Congenital hypertrichosis, which typically appears from birth, is thought to be caused by a genetic mutation that occurs when the X chromosome has an excess of genes. This leads to a thick growth of dense hair over one’s face, eyelids, or body that can occur at birth or later in life. While there is no known long-term cure for the disease, short-term treatments include shaving, waxing, and electrolysis. To date, there have only been around 100 reported cases of werewolf syndrome throughout history.
Luckily, this is one disease on this list that you’re very, very unlikely to get. In the 1950s, a mysterious illness began to tear through the Fore tribe in Papua New Guinea. Laughing Death, or kuru as the tribe called it, began with a loss of control of mobility, then the limbs, and eventually the emotions, which led to the name Laughing Death.
Within a year of developing this condition, sufferers would be unable to move or control their bodily functions before eventually succumbing to death.
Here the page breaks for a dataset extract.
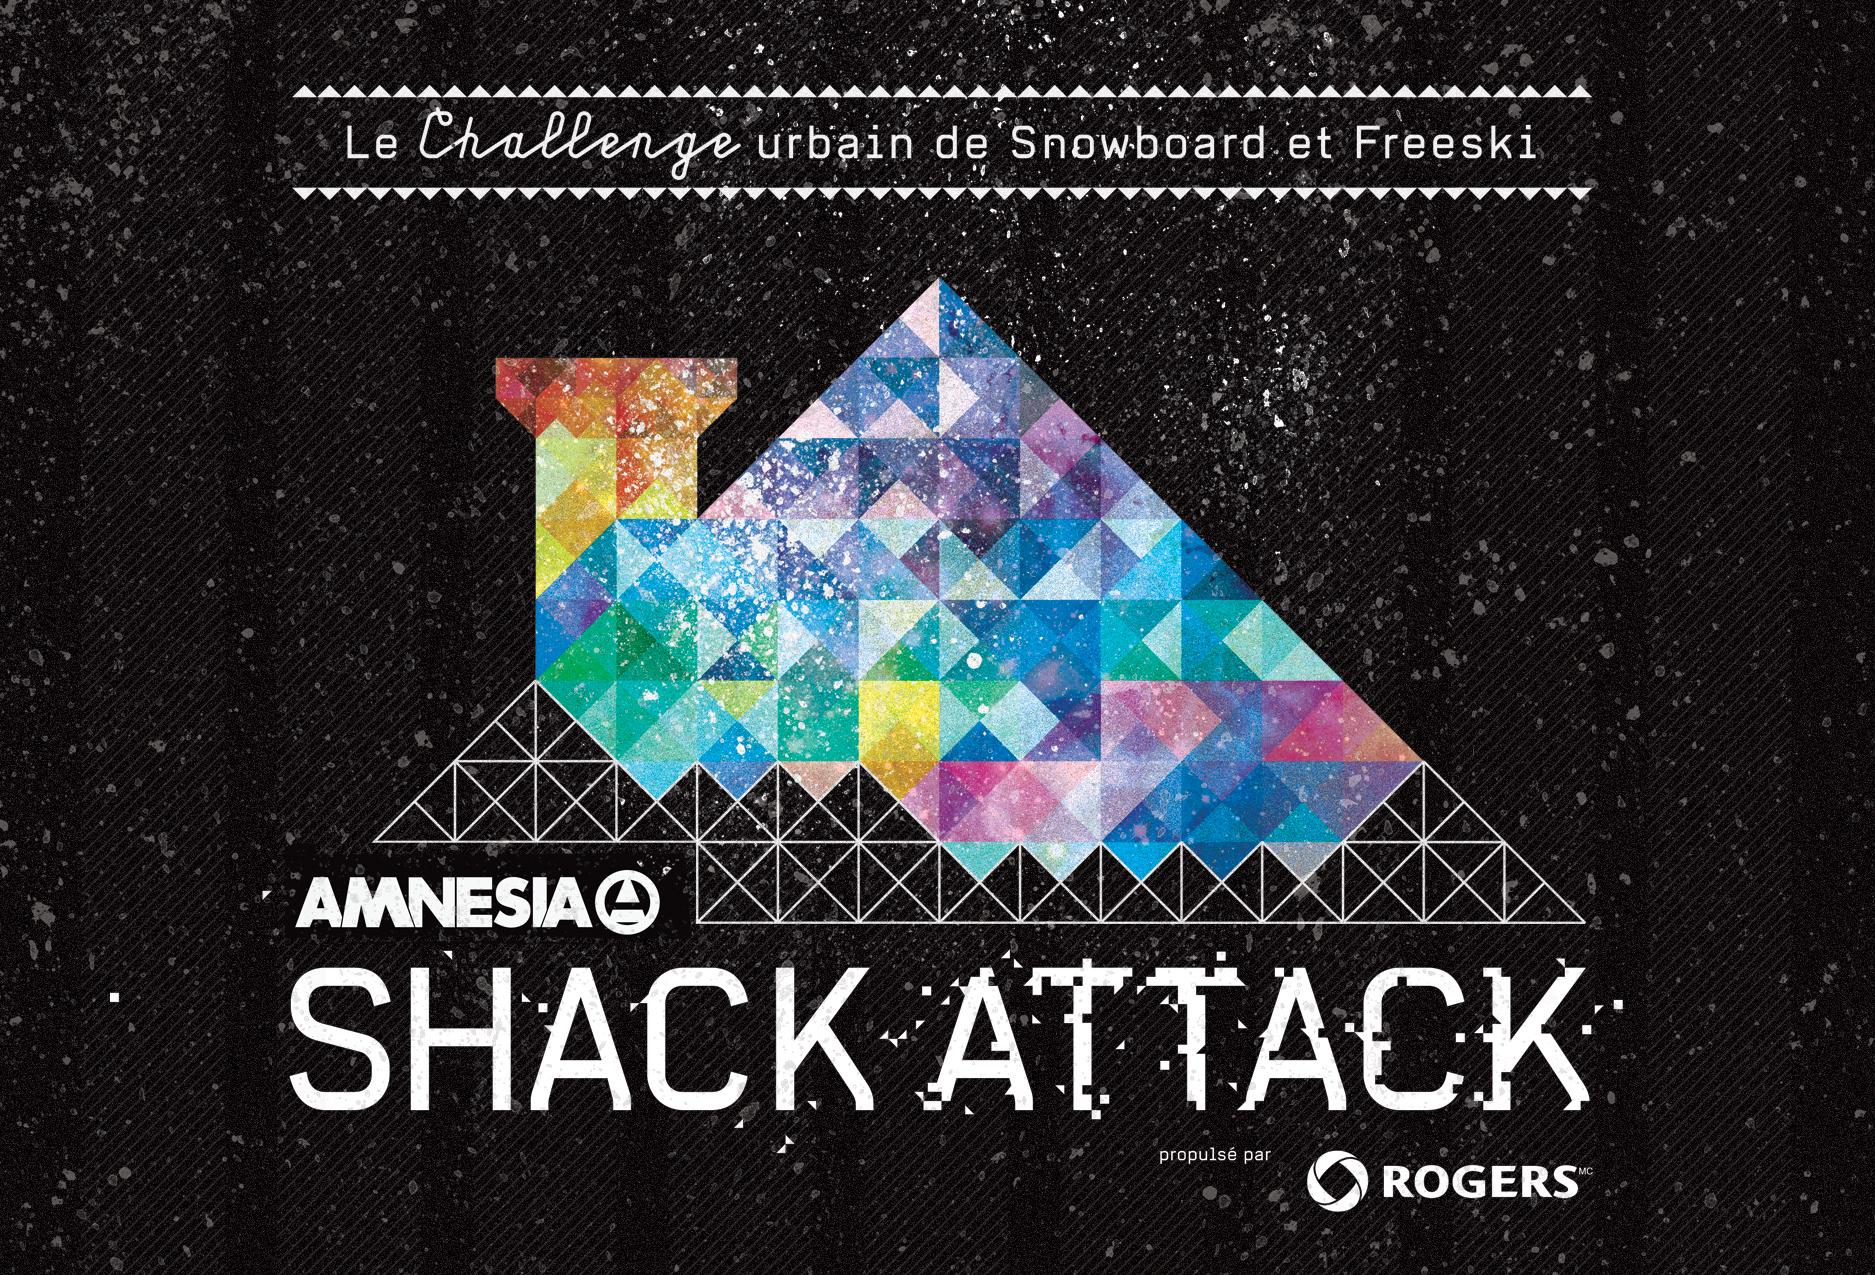 Shack_Attack_2_flyer_front.jpg
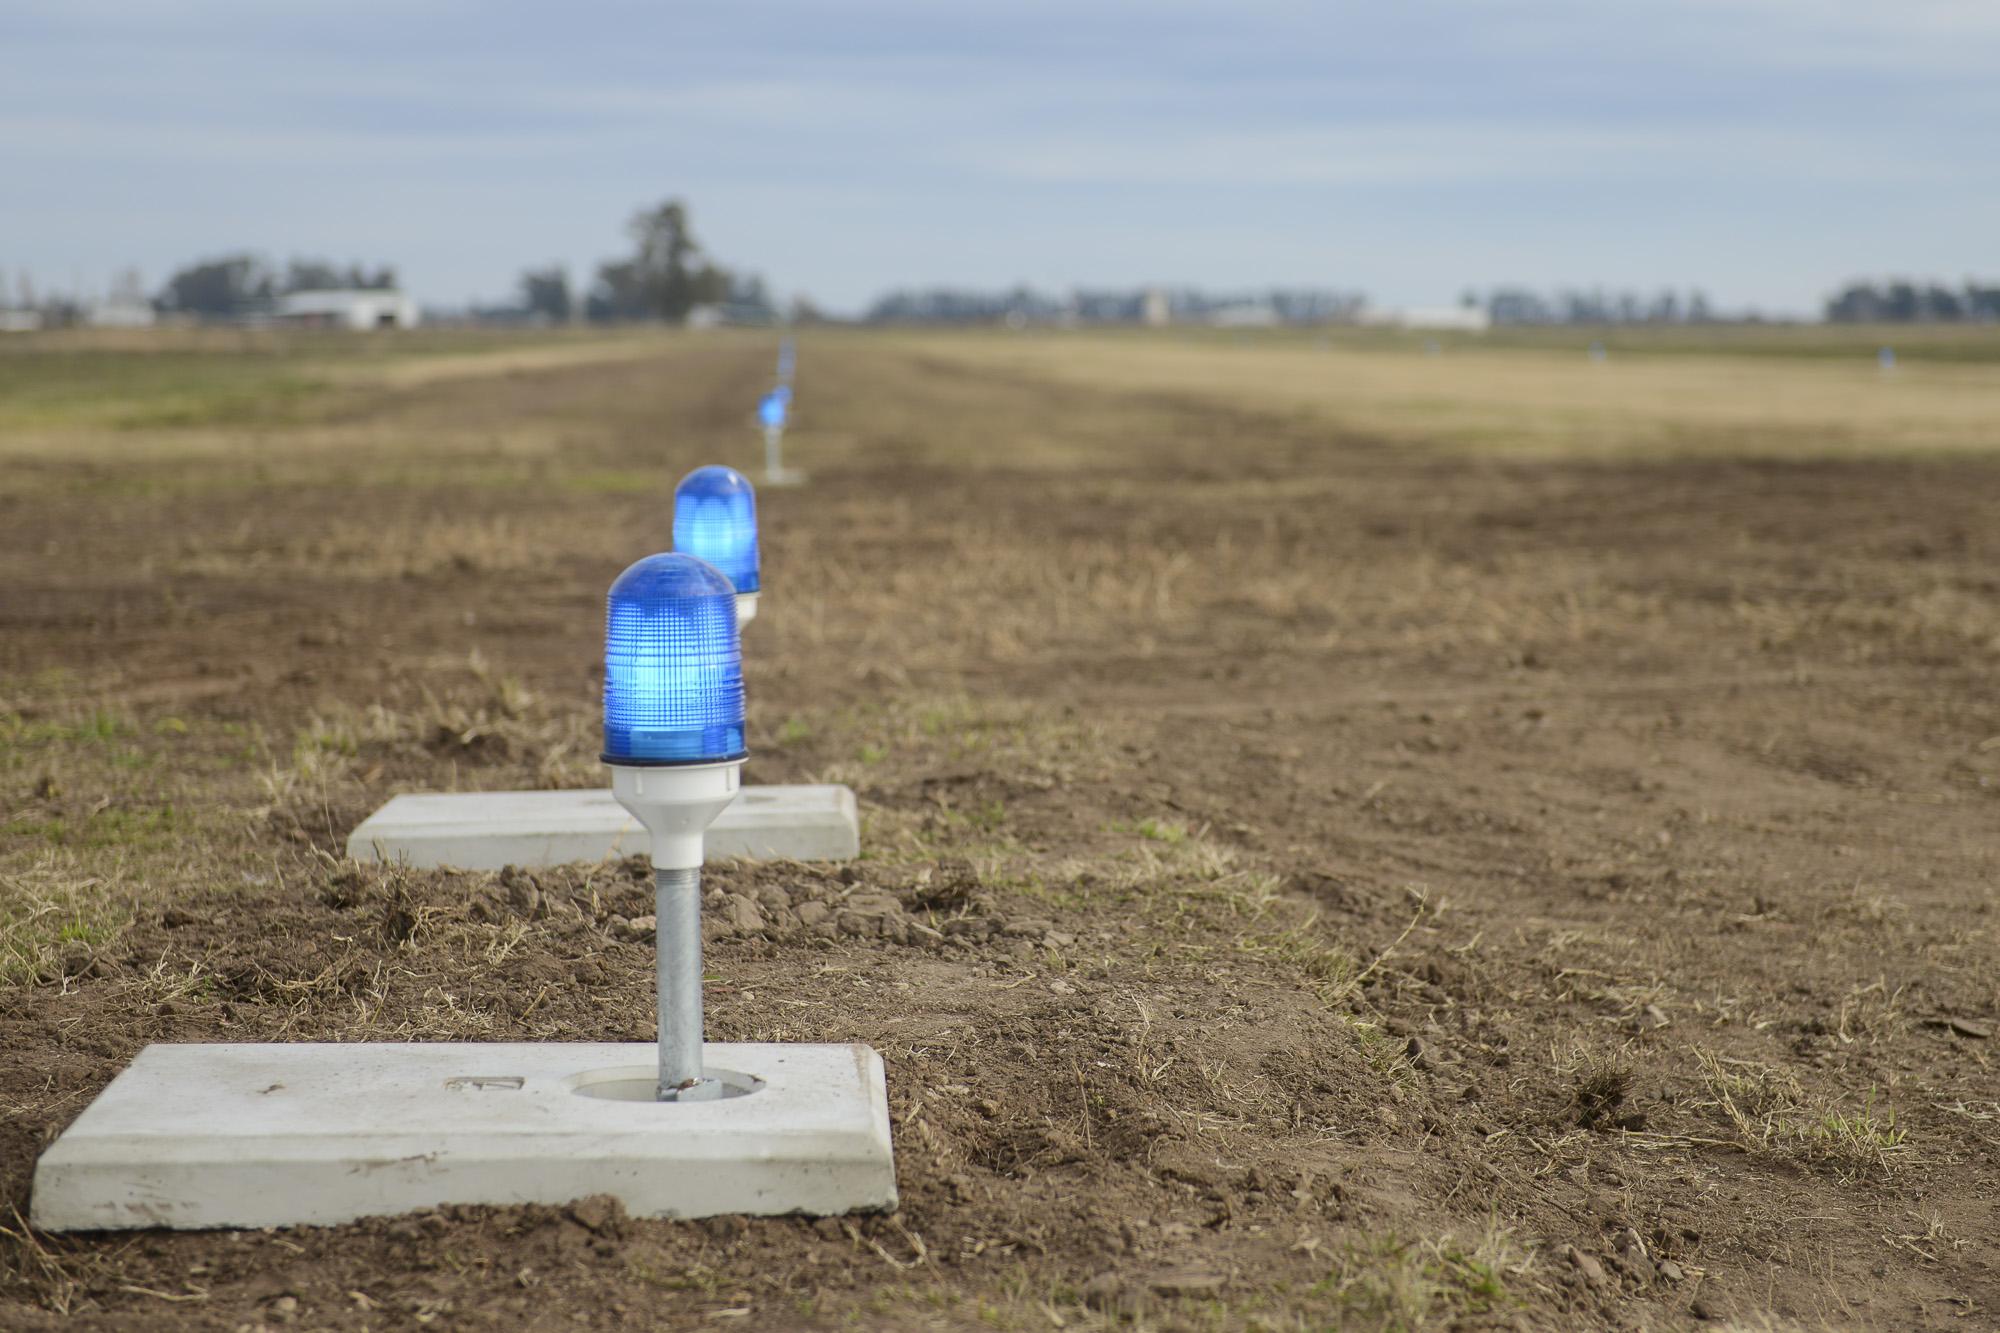 Argentina: El Aeródromo de General Villegas ya puede operar de noche

The disease was primarily affecting adult women and children under the age of 8. And when the illness began to take the lives of more than 200 people per year, researchers were brought in to find the cause.
Since the illness was isolated, scientists believed it may have been caused by a contaminant or a genetic mutation specific to the tribe. Eventually, it was discovered that people who died from the illness appeared to have holes in their brains and after years of research, the mystery was finally solved. Believing that it was better to be eaten by a loved one than by worms, the Fore people had a tradition of cannibalizing their loved ones bodies after they passed, which spread the mystery illness throughout the tribe. When the tribe stopped this macabre practice, the Laughing Deaths ended and in 1976, the research team who made the discovery was awarded with a Nobel Prize.